Anos
atrás chorei no Dia das Mães porque, naquela semana, uma amiga enterrou a sua
mãe enquanto eu tinha o presente de mais um dia inteiro de comemoração ao lado
da minha. Chorei pela injustiça que a vida nos impõe.
Este
ano, vi uma outra mãe enterrar a sua, também na semana de celebração da data.
Não derramei uma lágrima. Aproveitei mais uma vez a companhia da minha, sem
hora para ir embora, sem me distrair daquele encontro, mesmo enquanto ia ao
banheiro. Agradecia o tempo todo. Agradeço a todo o tempo.
Aos
poucos percebi que o que me comove atualmente não é mais injustiça, a morte, a
perda ou o drama. Esses nos sobram e já tem muita gente chorando por eles.
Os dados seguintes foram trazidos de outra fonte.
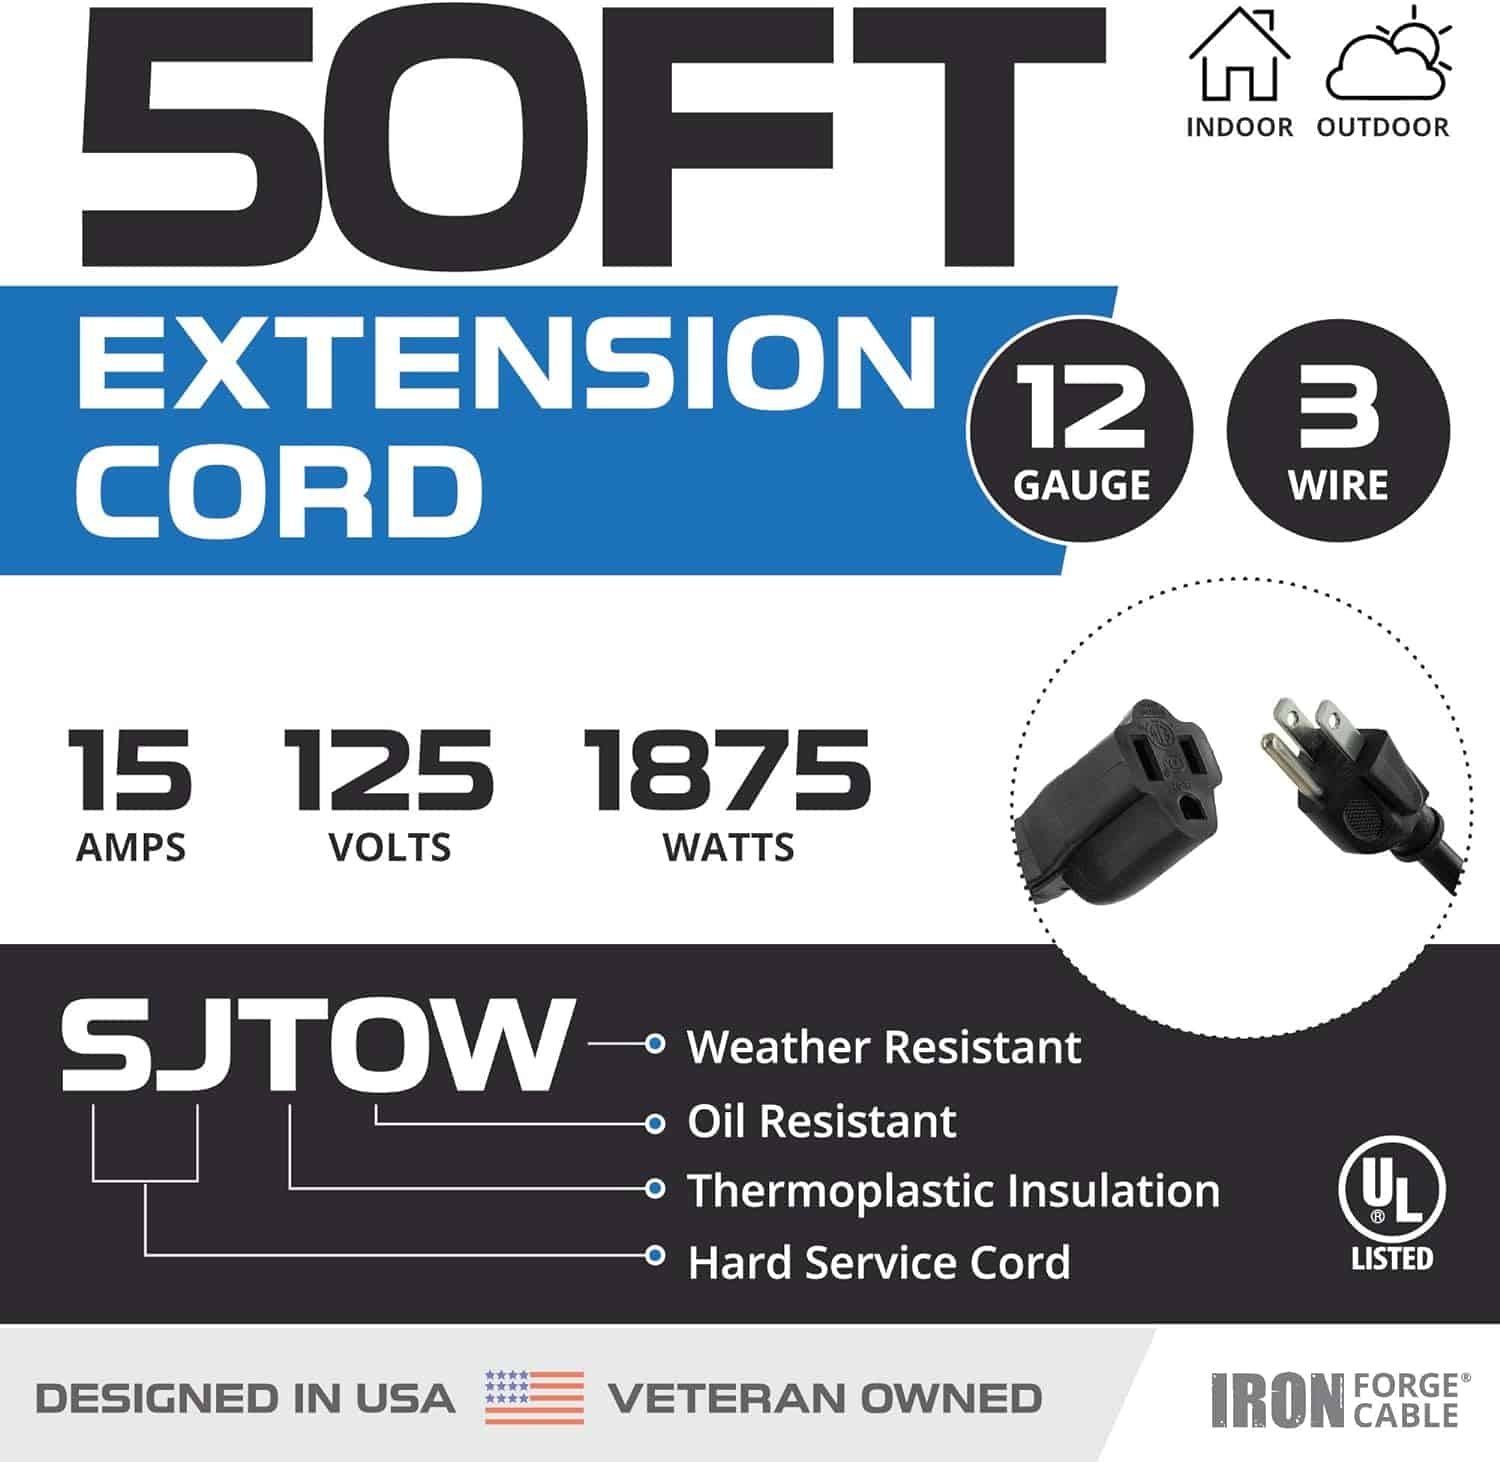 Iron Forge Cable Black Extension Cord 50 Ft Oil Resistant for Farms and Ranches – 12 3 SJTOW Heavy Duty Outdoor Extension Cord with 3 Prong Plug for Safety, 15 AMP Power Cable for Heavy Appliances 2

Chegam com e sem data comercial. Só nos resta esperar e lidar. O que me faz
chorar agora é algo cada vez menos esperado de se ver, com o amor e a
gentileza.
Se
enquanto alguém estiver falando, um outro interromper e imediatamente perceber
e pedir desculpa, dizendo que este alguém pode continuar, meu coração acende.
Se
na porta de uma salgaderia, um cliente sair com uma coxinha na mão para
entregar para o mendigo que pede esmolas do outro lado da rua, meu queixo ganha
mais furinhos que minha bunda contraída e faço beicinho de choro.
Se
eu vir o jovem ajudar um idoso a calçar seus sapatos, o que seria impossível
sozinho porque a idade aumenta e a capacidade do nosso corpo diminui, teríamos
lágrimas molhando todo o caminho até a gola da minha camiseta.
Se
alguém se dispor a ensinar piano para um cego, doando seu tempo e partituras
escritas em braile, meu choro vai ser tão algo e soluçado que faria o bate-boca
aos gritos dos vizinhos aquietar.
O
que isso diz sobre o efeito das coisas sobre a gente, né? Passei a chorar por
presenciar o amor, talvez por sua profundidade, transformação, raridade e
necessidade; enquanto sigo friamente no enfretamento do que poderia ser
considerado uma grande dor. Talvez isso me comova dessa forma porque agora
entendo que a dor passa e a gentileza quando surge, permanece na gente e no
outro.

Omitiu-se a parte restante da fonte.